En este estanque había peces y yo me pasaba las horas, muchas veces, mirando como nadaban. Incluso les echaba cosas para que comieran. Ese día estábamos mi hermano y yo viendo los peces, mi hermano al lado del poste, encima de la pared, y yo entre dos postes, columpiándome agarrado al alambre de arriba, para ver los peces que estaban al lado de la pared. Esto lo había hecho en muchas ocasiones y no había pasado nada. Hasta ese día.

El alambre, de tanto moverlo, se rompió por el poste contrario al que estaba mi hermano y caí al estanque con el alambre prendido al jersey que tenía puesto.
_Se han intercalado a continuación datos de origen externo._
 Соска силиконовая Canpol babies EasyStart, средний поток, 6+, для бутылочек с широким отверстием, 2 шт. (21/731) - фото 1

Desde el agua yo sentía a mi hermano decir: “¡Joaquín, agárrate al alambre! ¡Agárrate al alambre!”

No sé las veces que me hundí en el agua. Fueron varias. Me agarré al alambre con tanta fuerza que no sentí nada cuando me clavé los pinchos en la mano izquierda. Aún tengo la señal. Dios mío que momentos tuvo que pasar mi pobre hermano porque yo no me daba cuenta de la situación.
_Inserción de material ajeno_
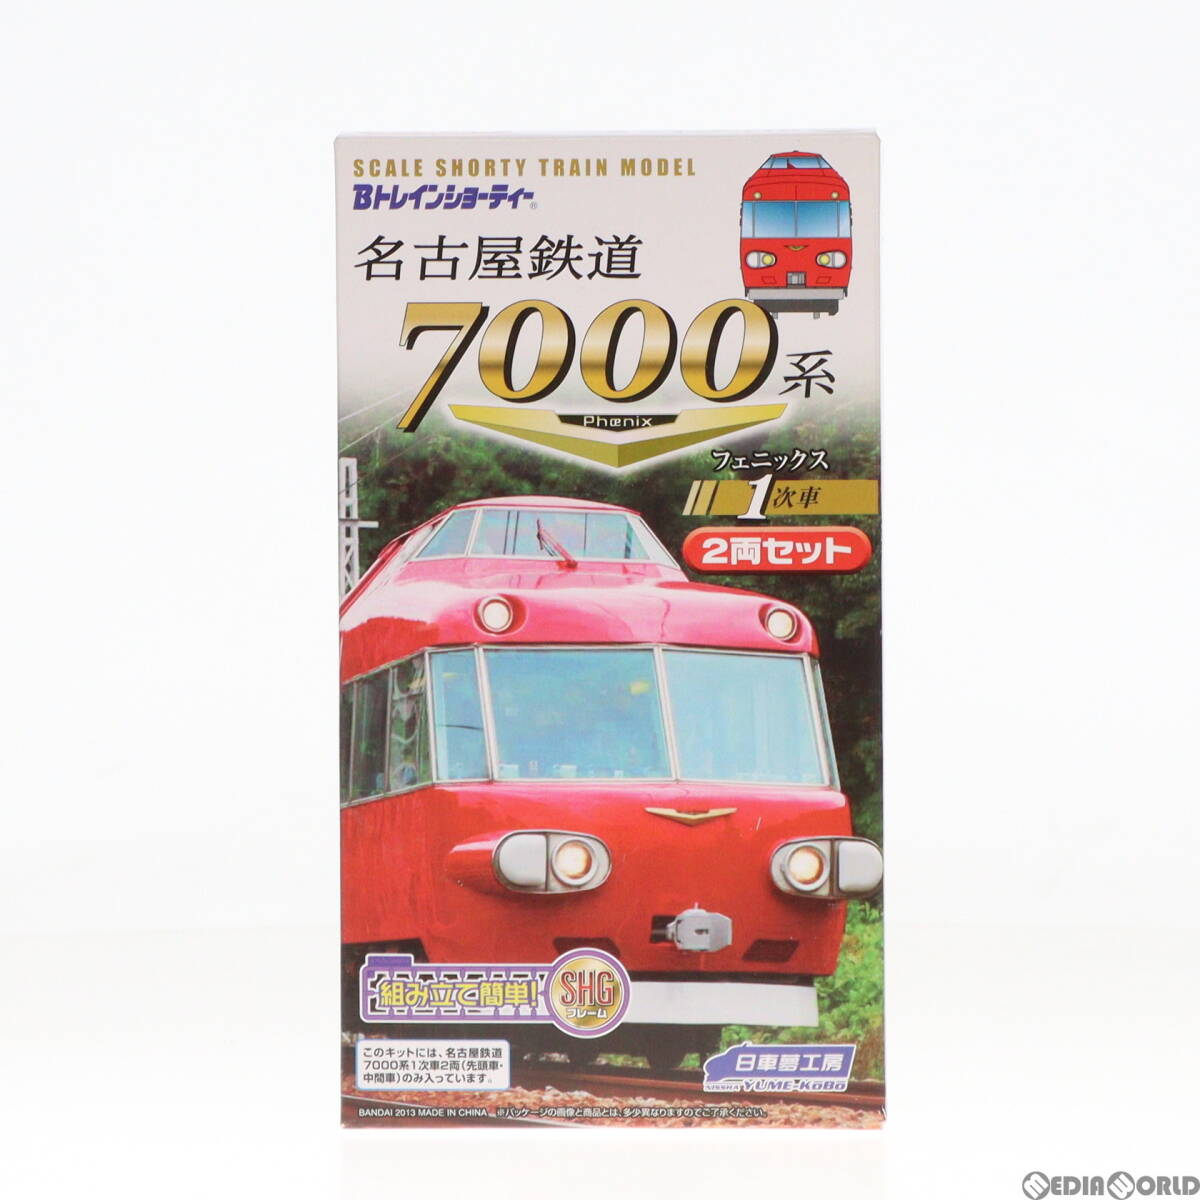 【中古】[RWM]2194281 Bトレインショーティー 名古屋鉄道7000系 フェニックス 1次車 2両セット 組み立てキット Nゲージ 鉄道模型(62004951)_画像1

Perdí el conocimiento, no sé por cuanto tiempo. Del nivel del agua hasta la parte de arriba de la pared habría casi un metro mas los alambres. No puedo entender como un niño de nueve años pudo sacarme. Lo cierto es que me sacó (con la ayuda de Dios, naturalmente). Ese día se produjo un milagro. Cuando recuperé el conocimiento, mi hermano estaba encima de mi espalda, sacándome el agua que había tragado, que fue bastante. Cuando ya no salía más, lo primero que dije a mi hermano es que me habían mordido los peces… y me eché a llorar.
Mi hermano me quitó la ropa y me puso ropa de él, lo primero que encontró. Nos acostamos al lado de la lumbre, en la chimenea, y así nos encontraron nuestros padres cuando regresaron de la compra. Lo primero que preguntaron fue: “Alberto, ¿Qué ha pasado?”, a lo que él respondió: “Nada, que el niño ha estado jugando en las pilas y se ha mojado un poco”

No coló mucho pero salió del paso. Al día siguiente, cuando mi madre cogió la ropa para lavarla, no se lo podía creer, no sólo tenía agua , sino que tenía barro. Total, que llamó a mi hermano y se lo contó todo”.

Hoy, después de 67 años, mi hermano y yo estamos aquí para contarlo. GRACIAS HERMANO.